- [ACTIVITY] Your copy must hold all of the data below, unchanged and without images.

- [INPUT DATA]
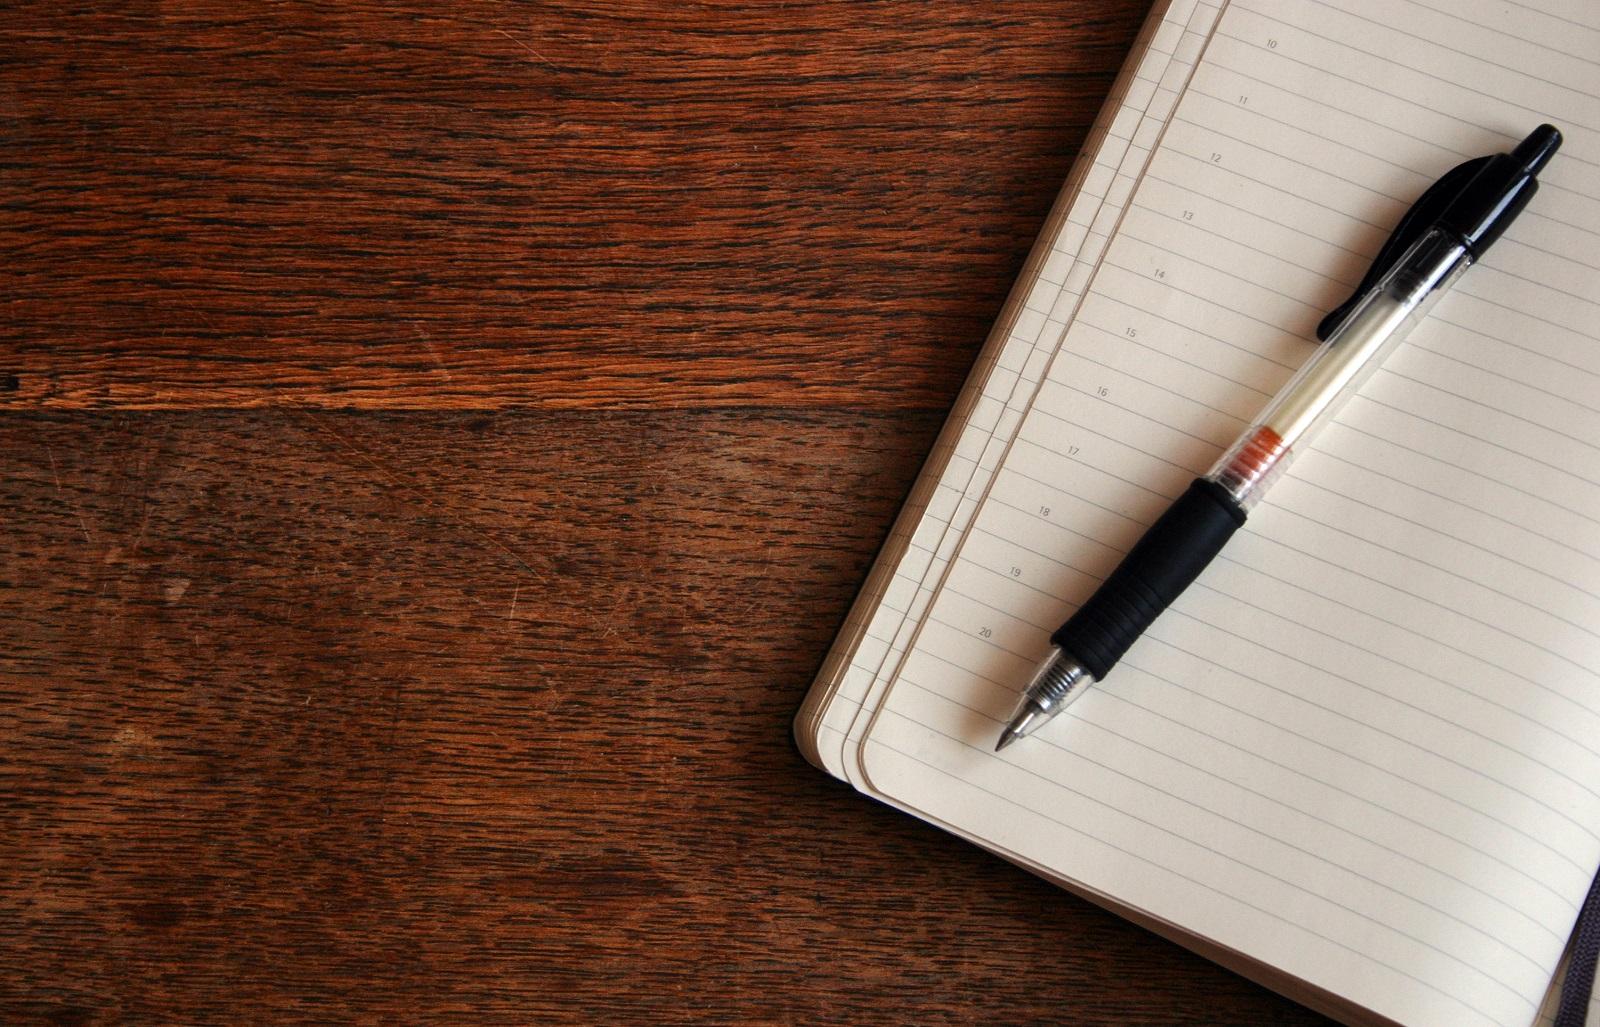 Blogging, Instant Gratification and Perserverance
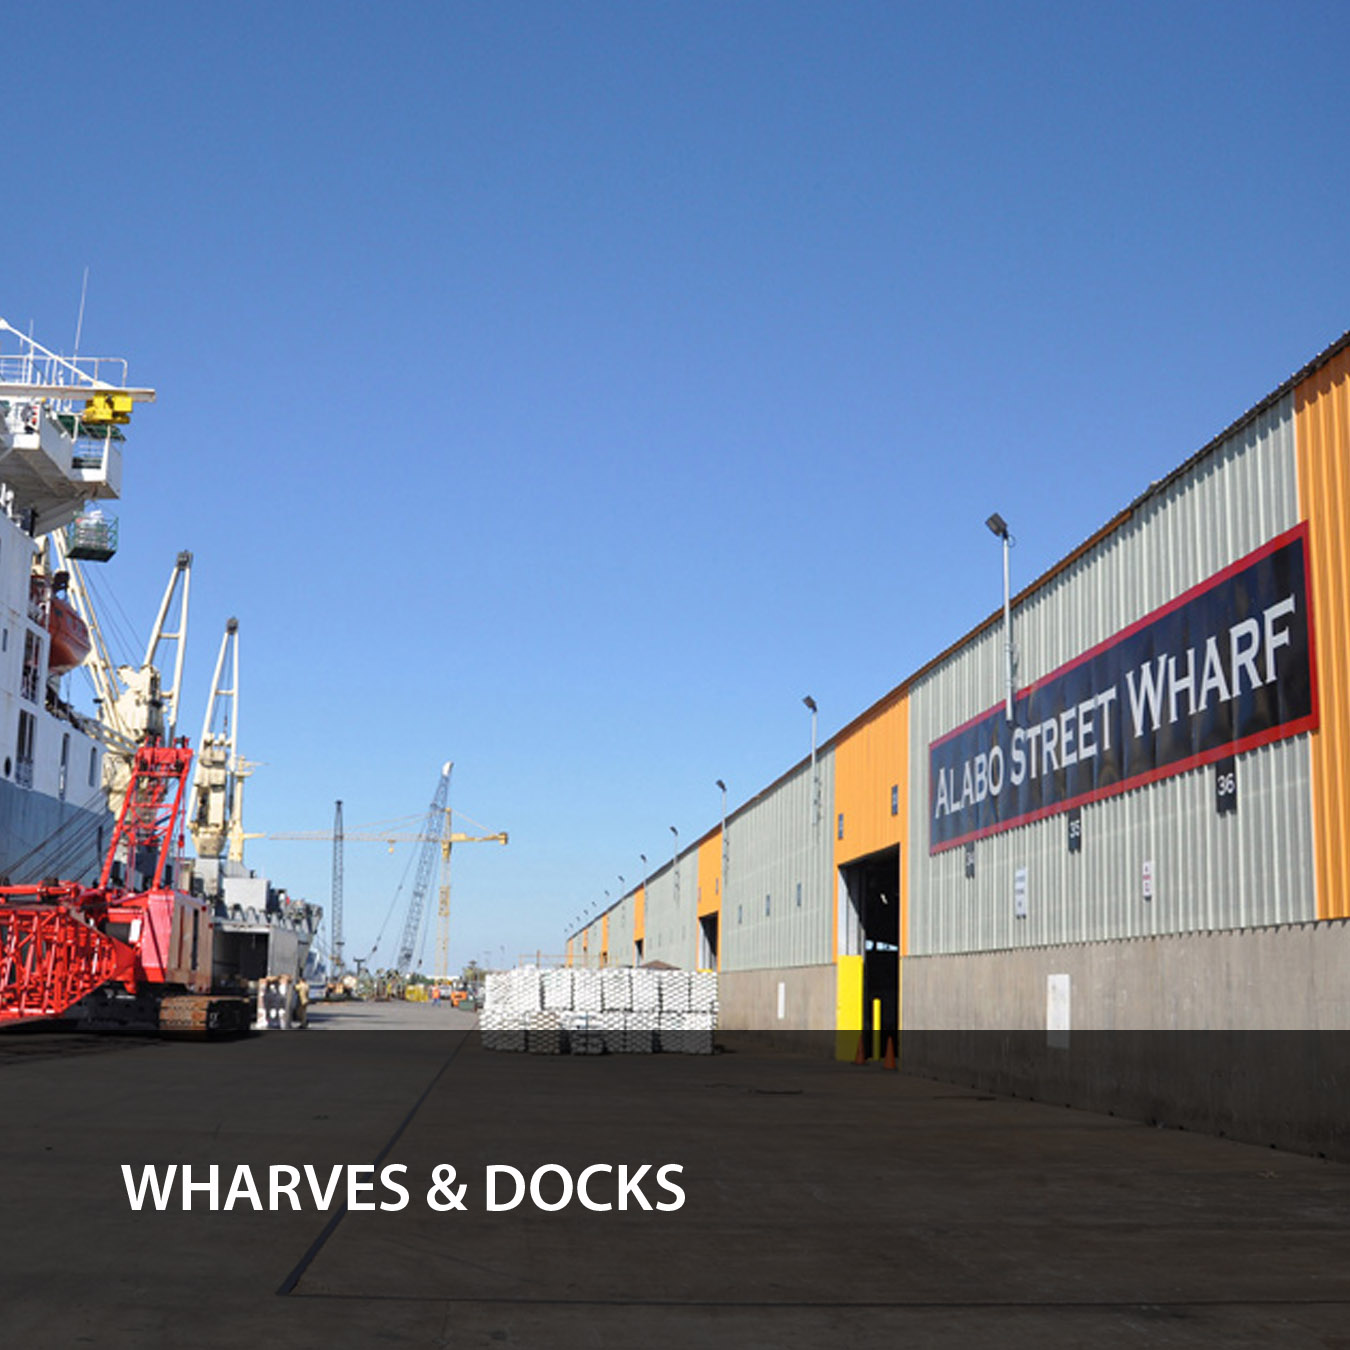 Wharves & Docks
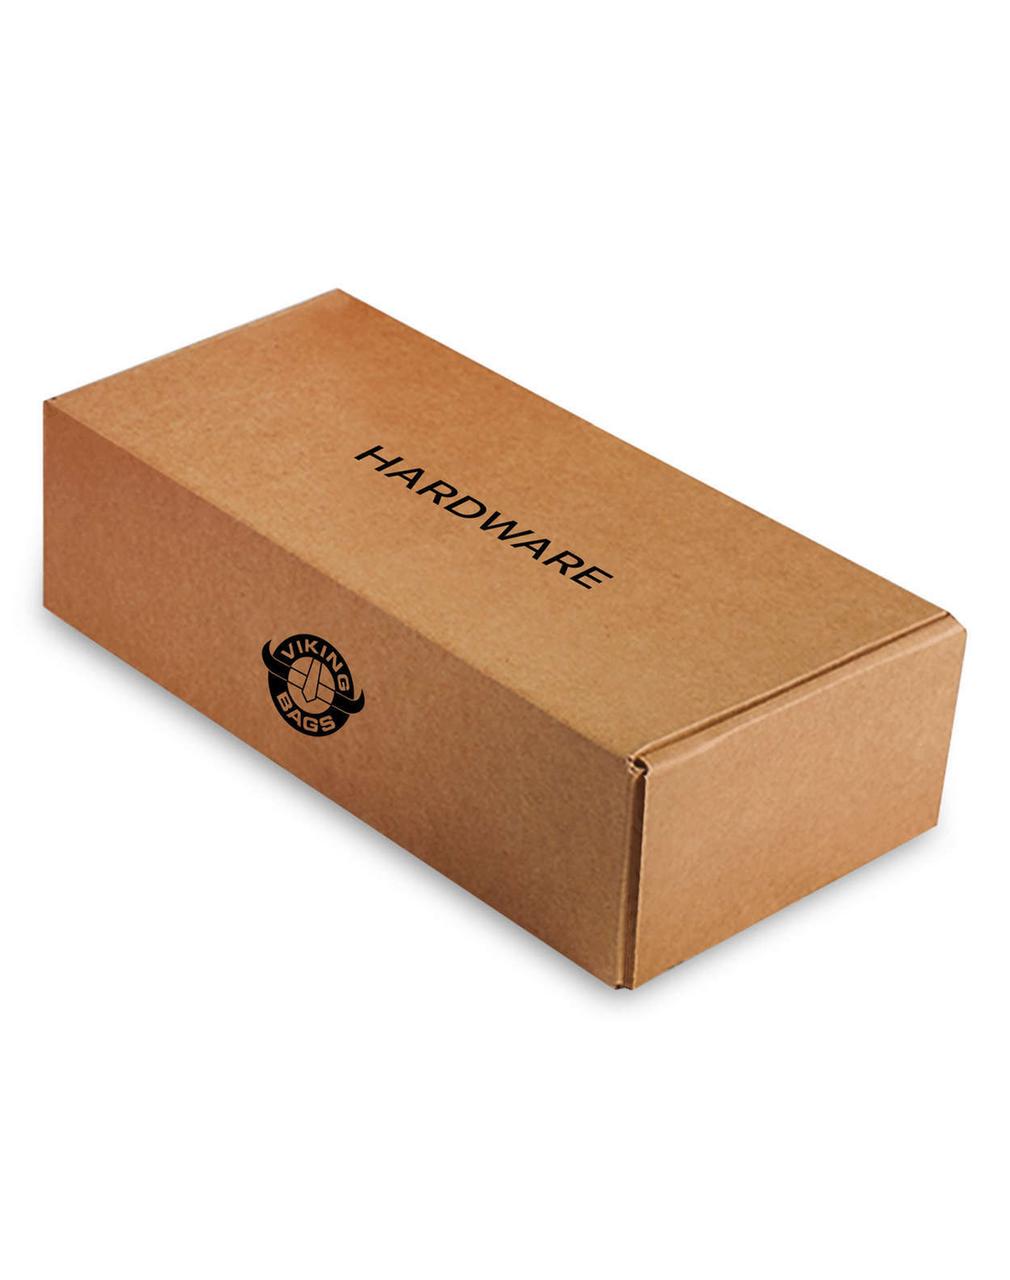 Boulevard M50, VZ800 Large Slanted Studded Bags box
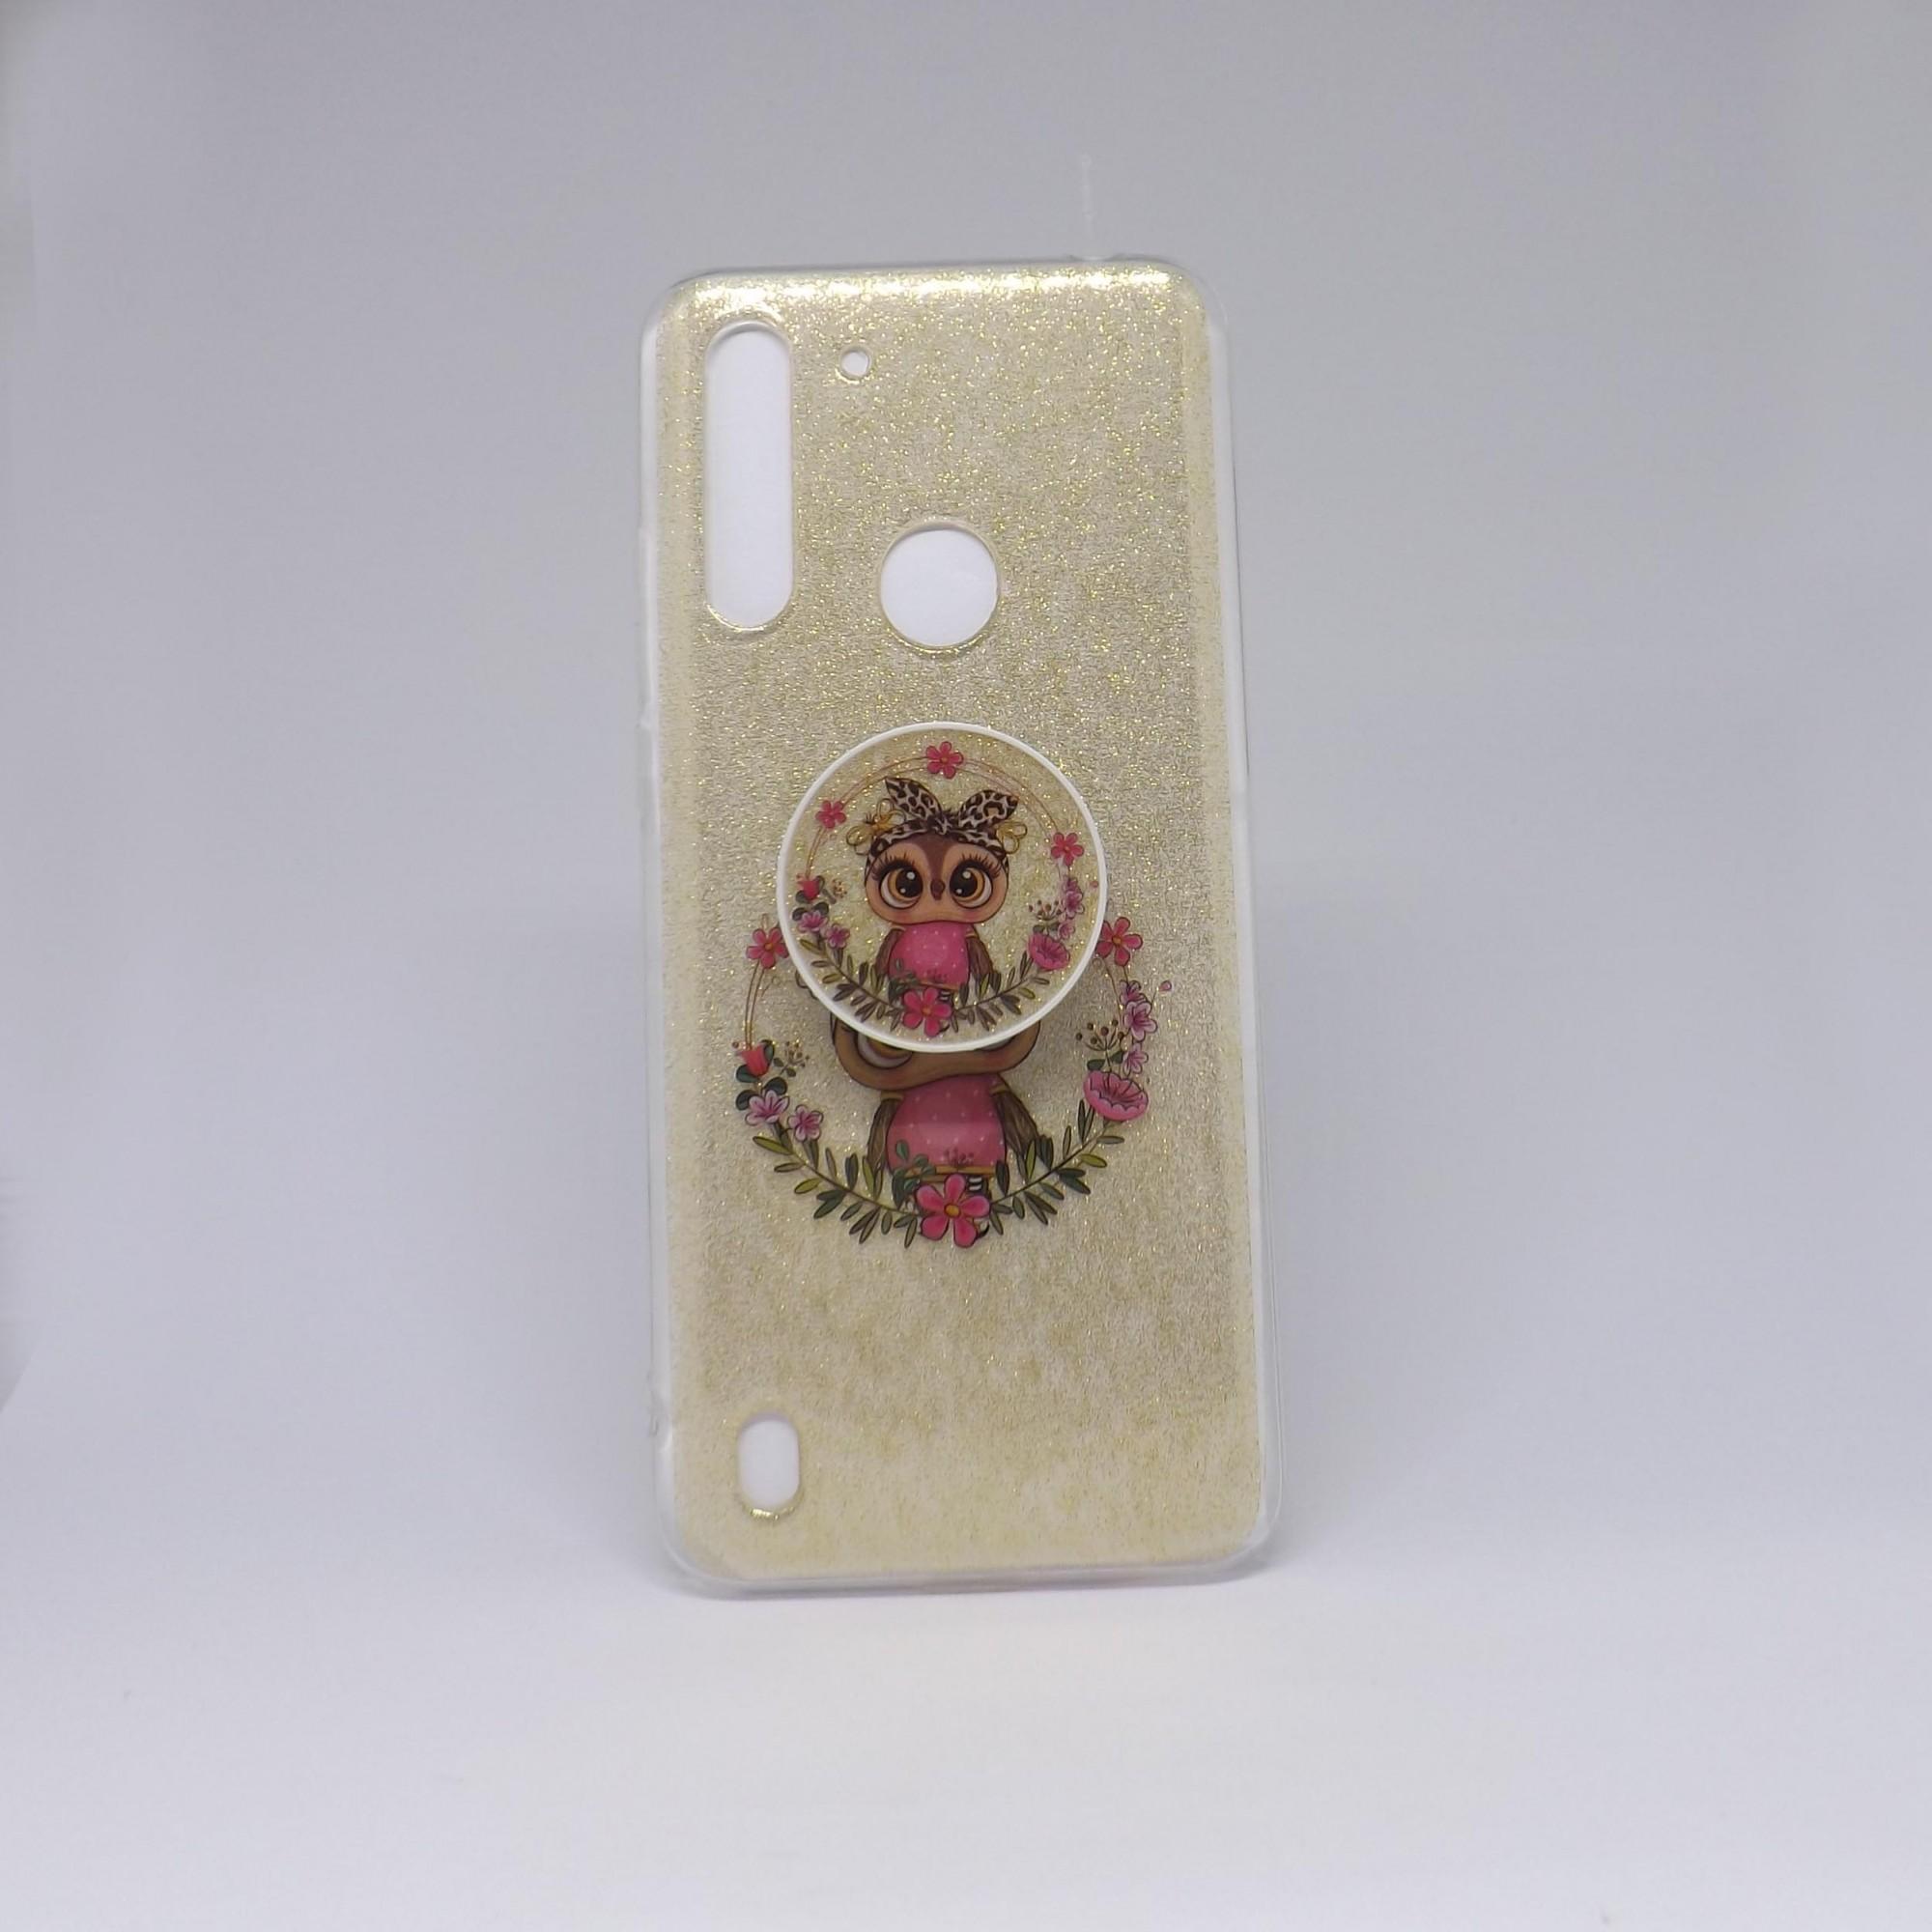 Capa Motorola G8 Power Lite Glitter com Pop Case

- [RESPONSE TO THIS TASK]
 Blogging, Instant Gratification and Perserverance
 Wharves & Docks
 Boulevard M50, VZ800 Large Slanted Studded Bags box
 Capa Motorola G8 Power Lite Glitter com Pop Case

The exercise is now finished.